* _Information provided_
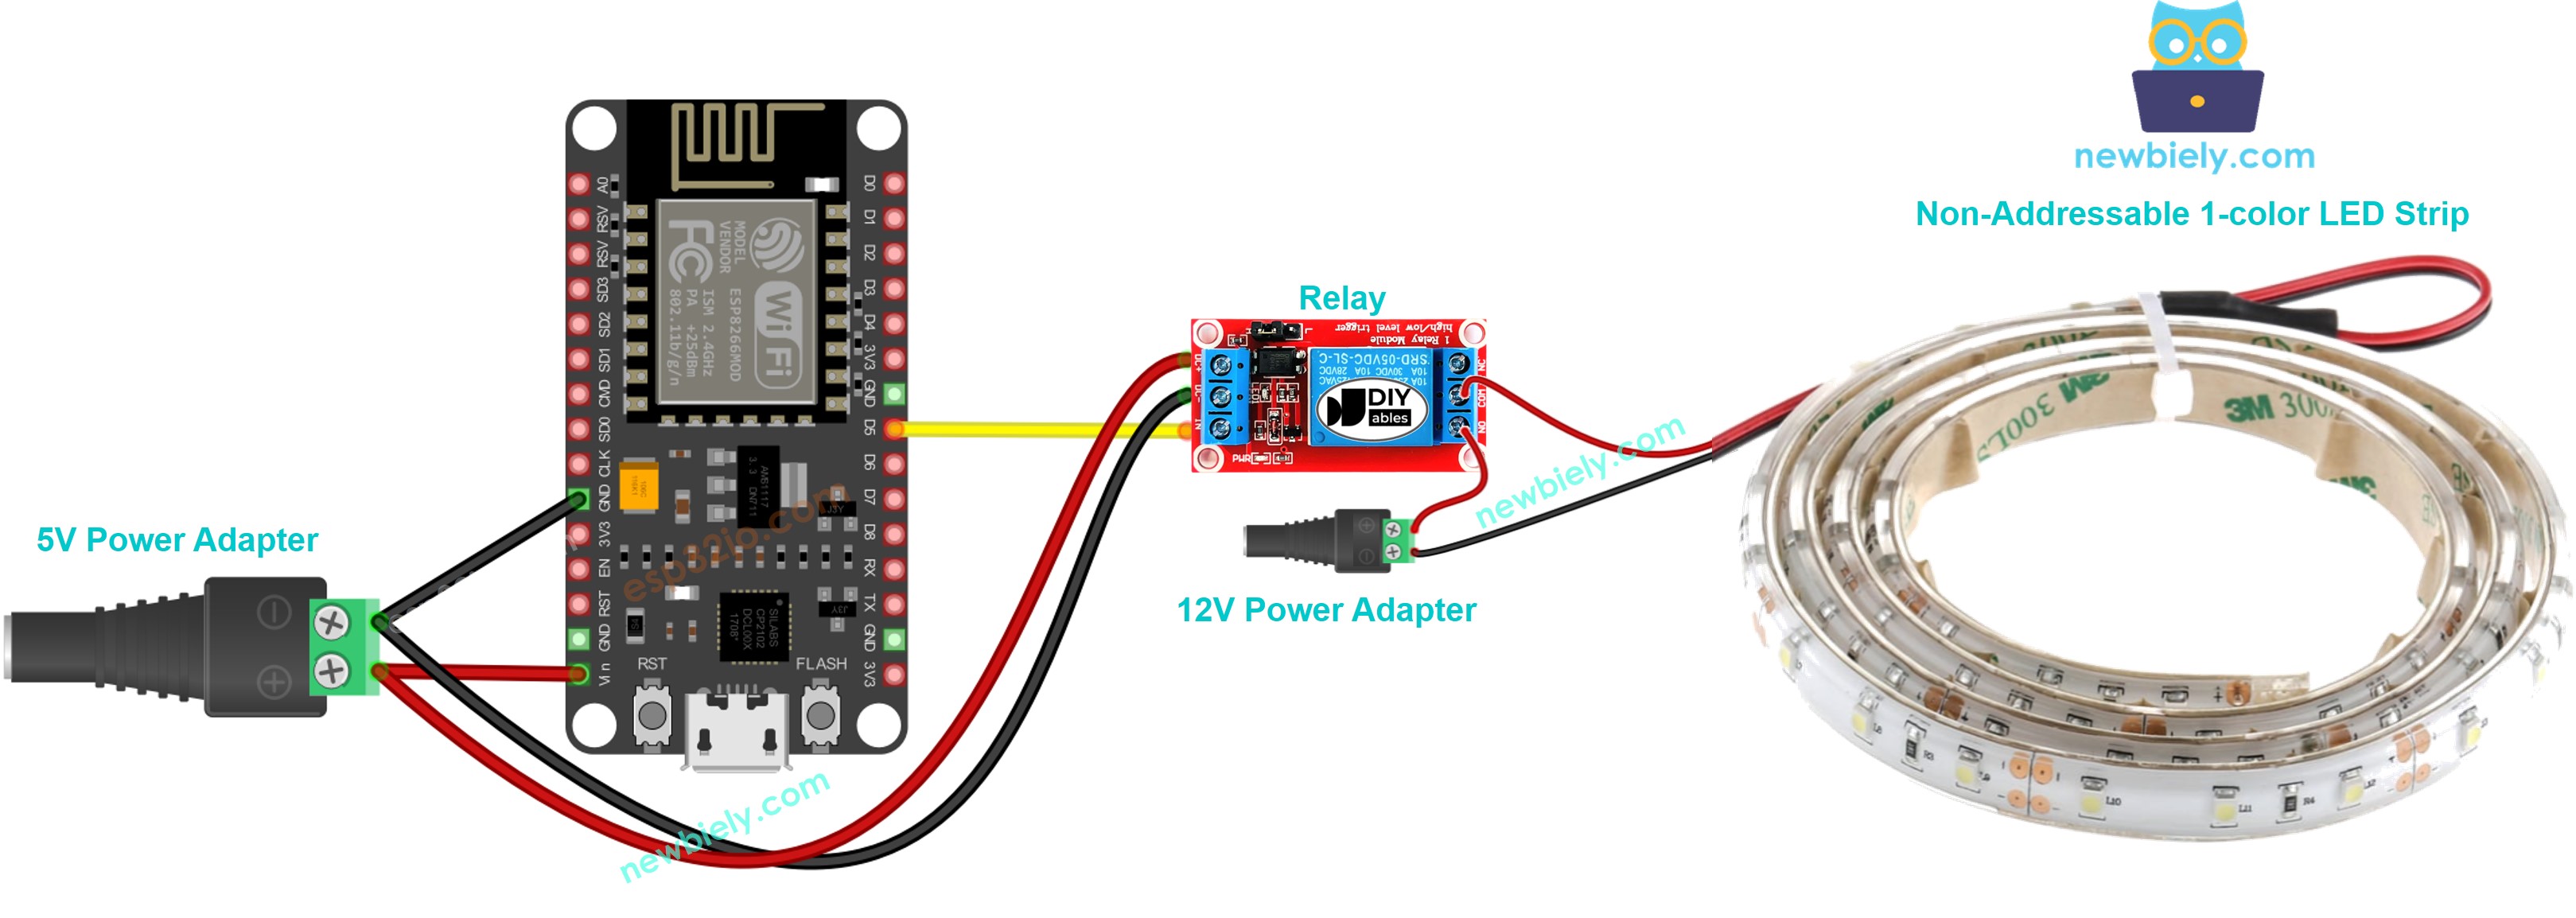 The wiring diagram between ESP8266 NodeMCU and 12V LED strip
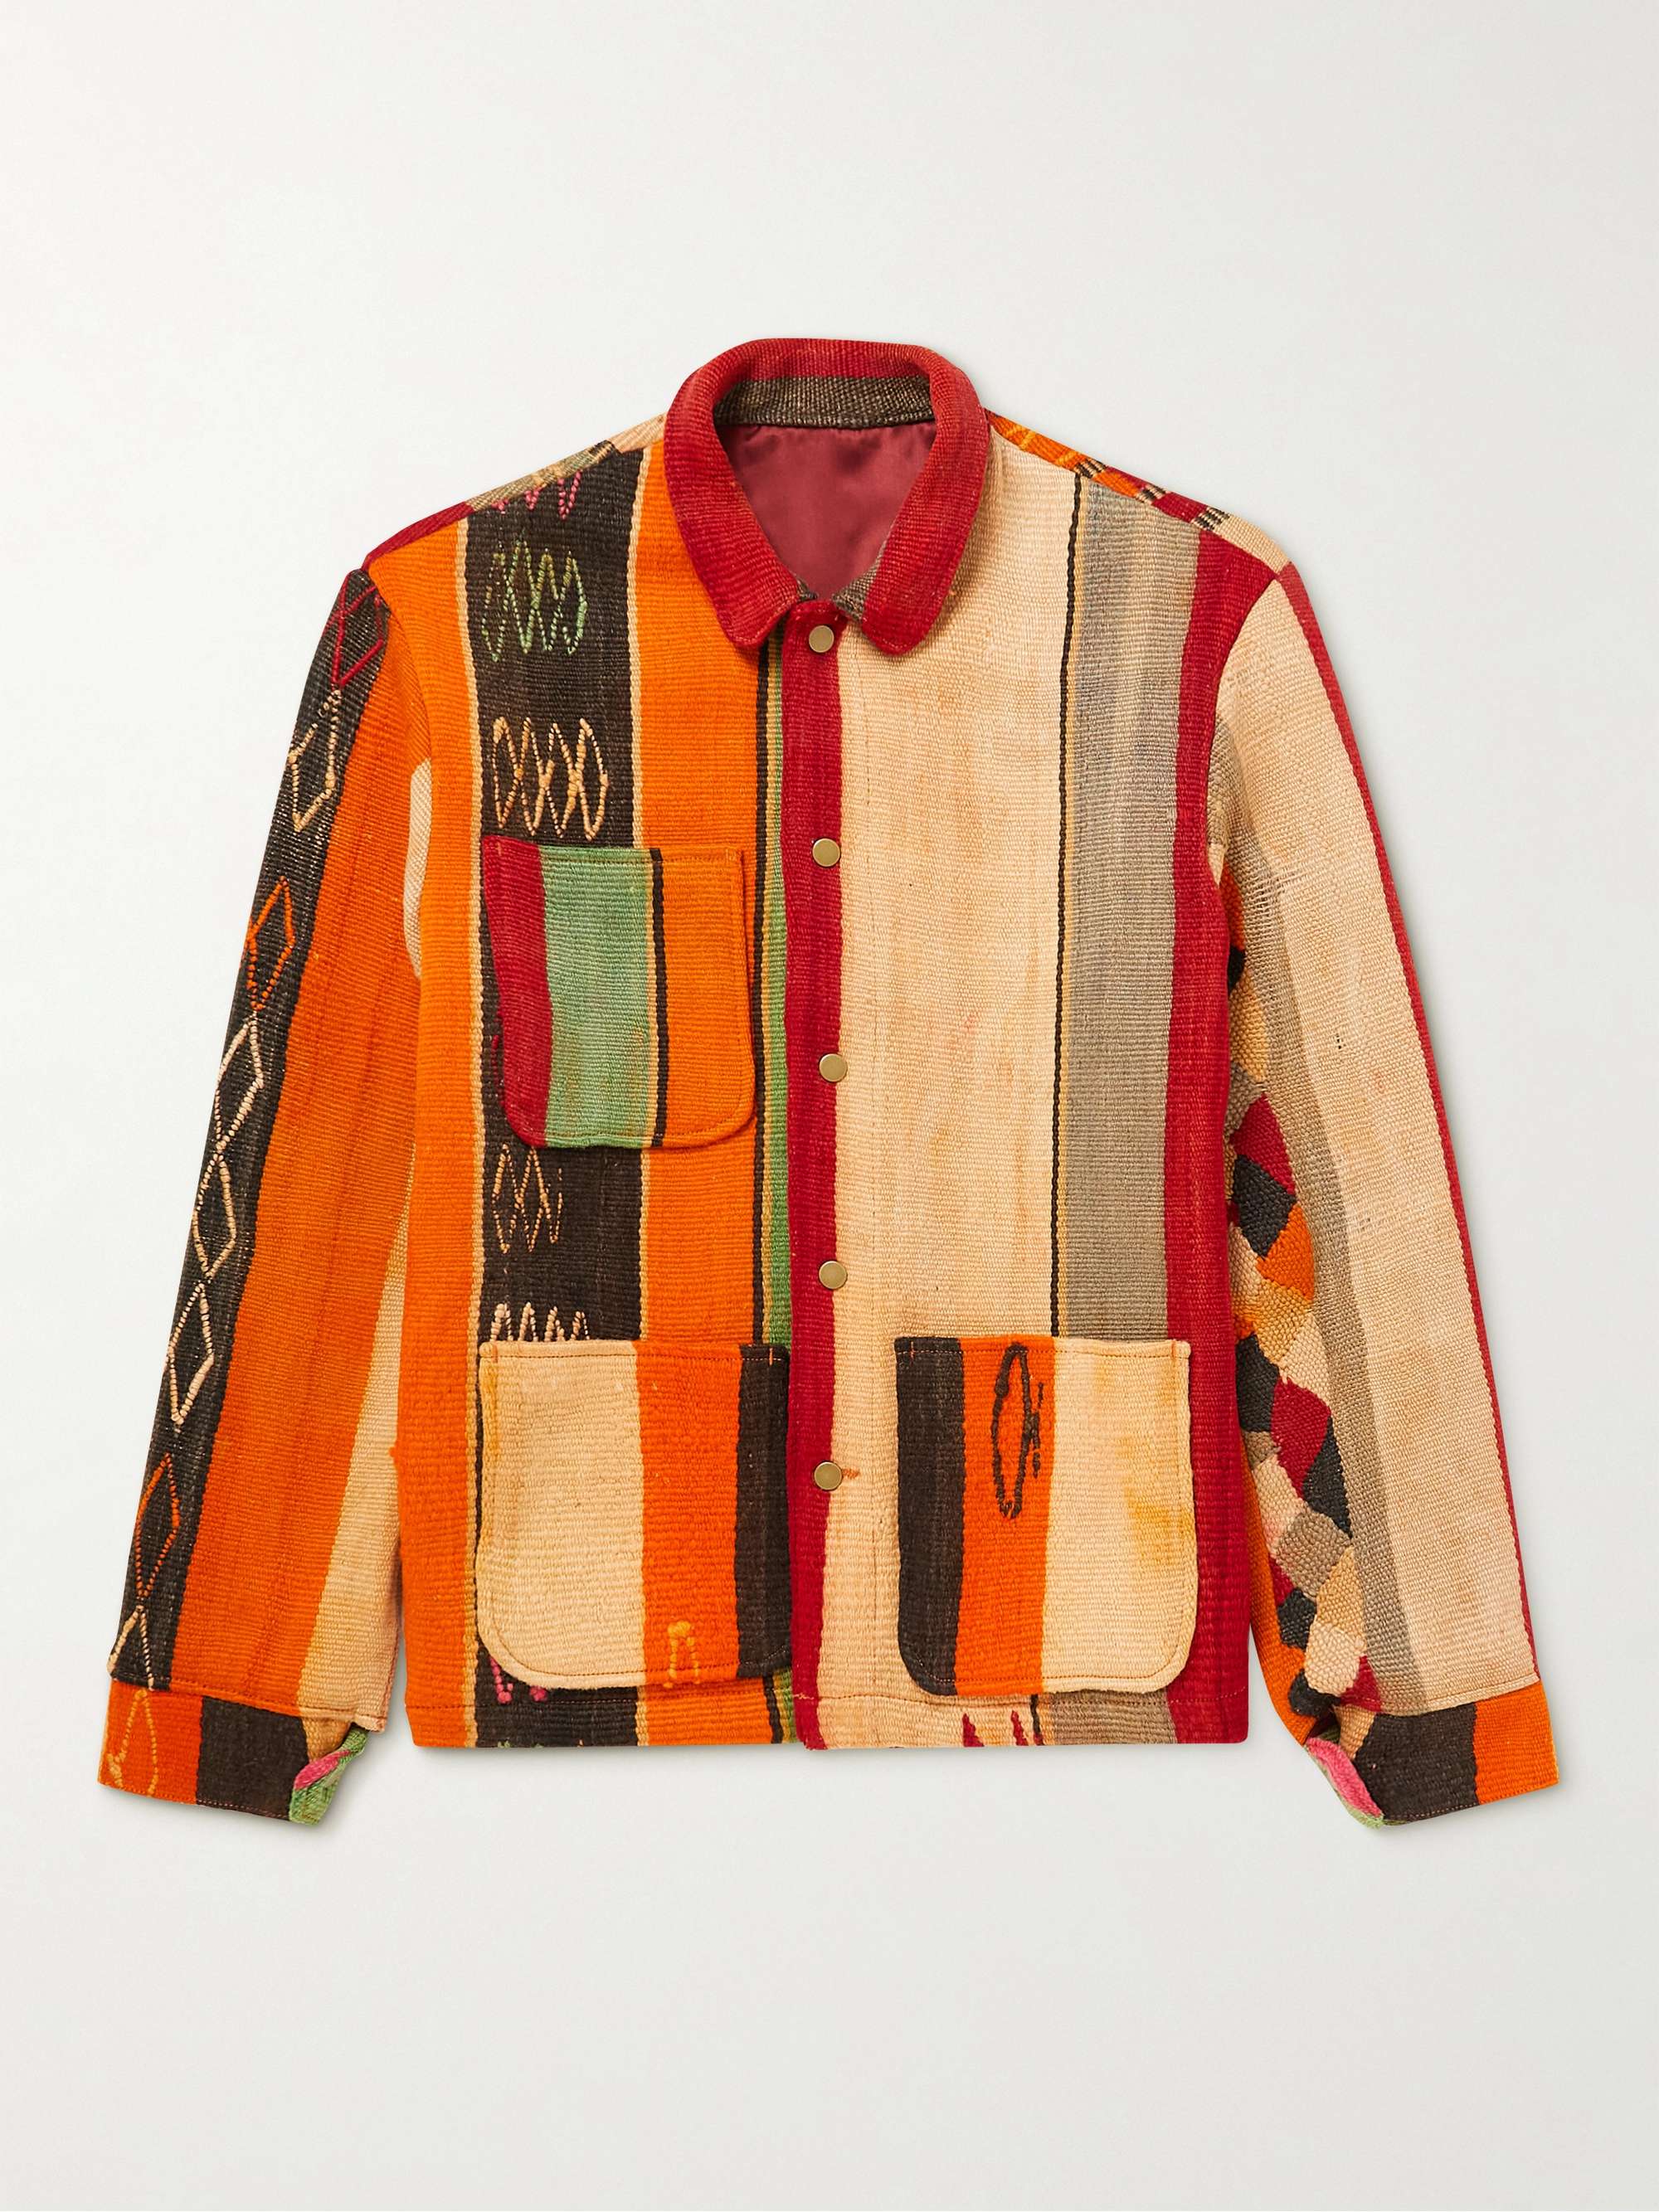 KING KENNEDY RUGS Upcycled Patchwork Wool-Jacquard Chore Jacket
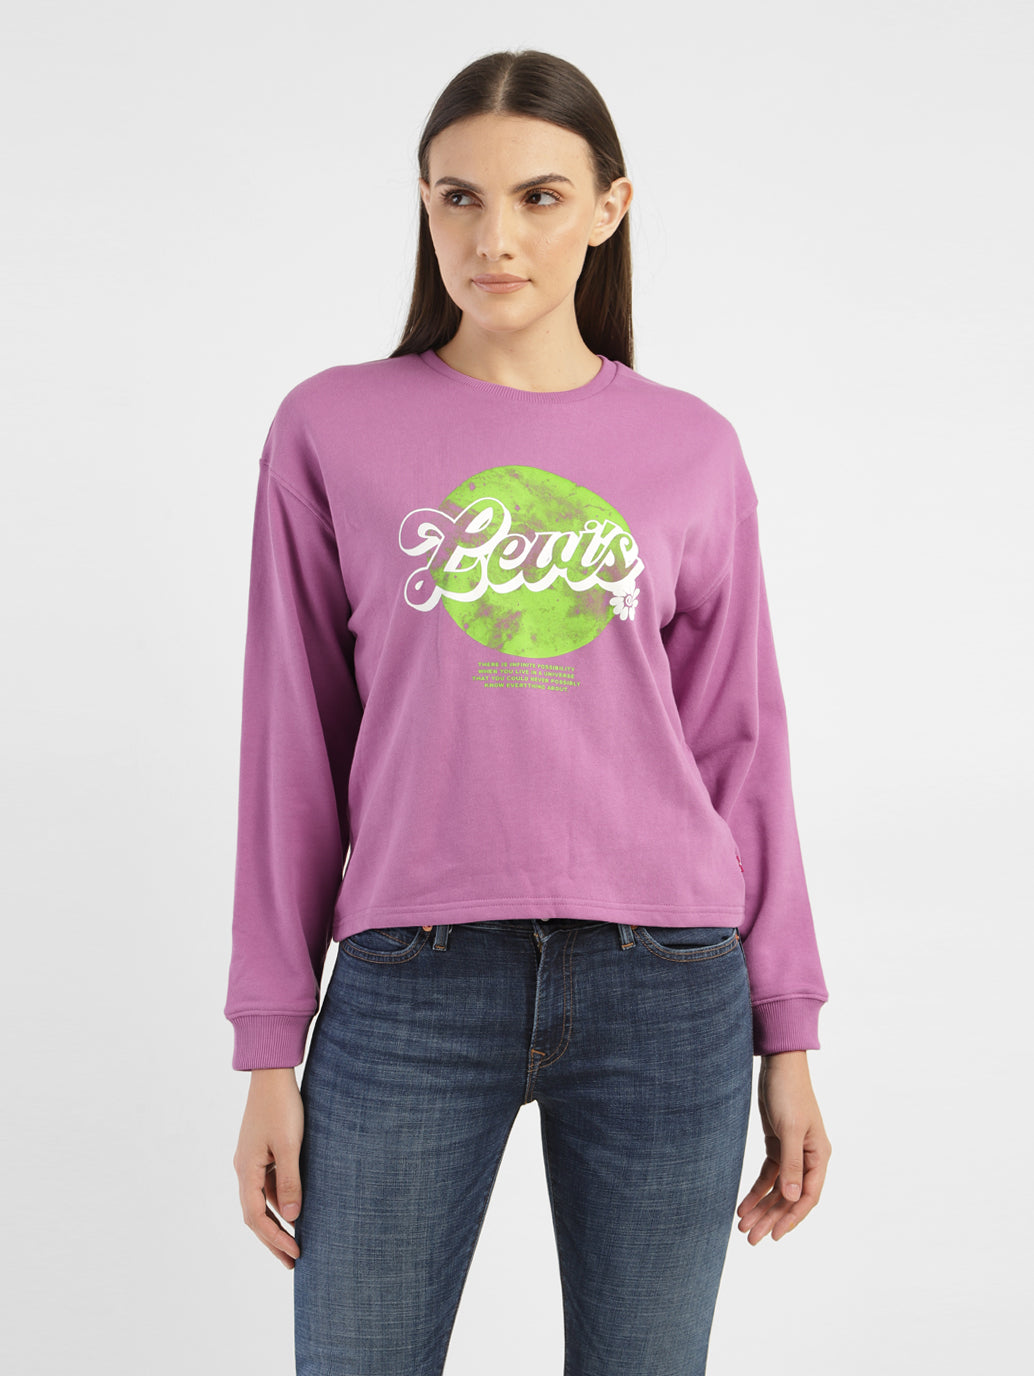 Women's Graphic Print Crew Neck Sweatshirt

* _Activity_
Return the complete material above exactly, with no picture.

* _Exercise result_
 The wiring diagram between ESP8266 NodeMCU and 12V LED strip
 KING KENNEDY RUGS Upcycled Patchwork Wool-Jacquard Chore Jacket
 Women's Graphic Print Crew Neck Sweatshirt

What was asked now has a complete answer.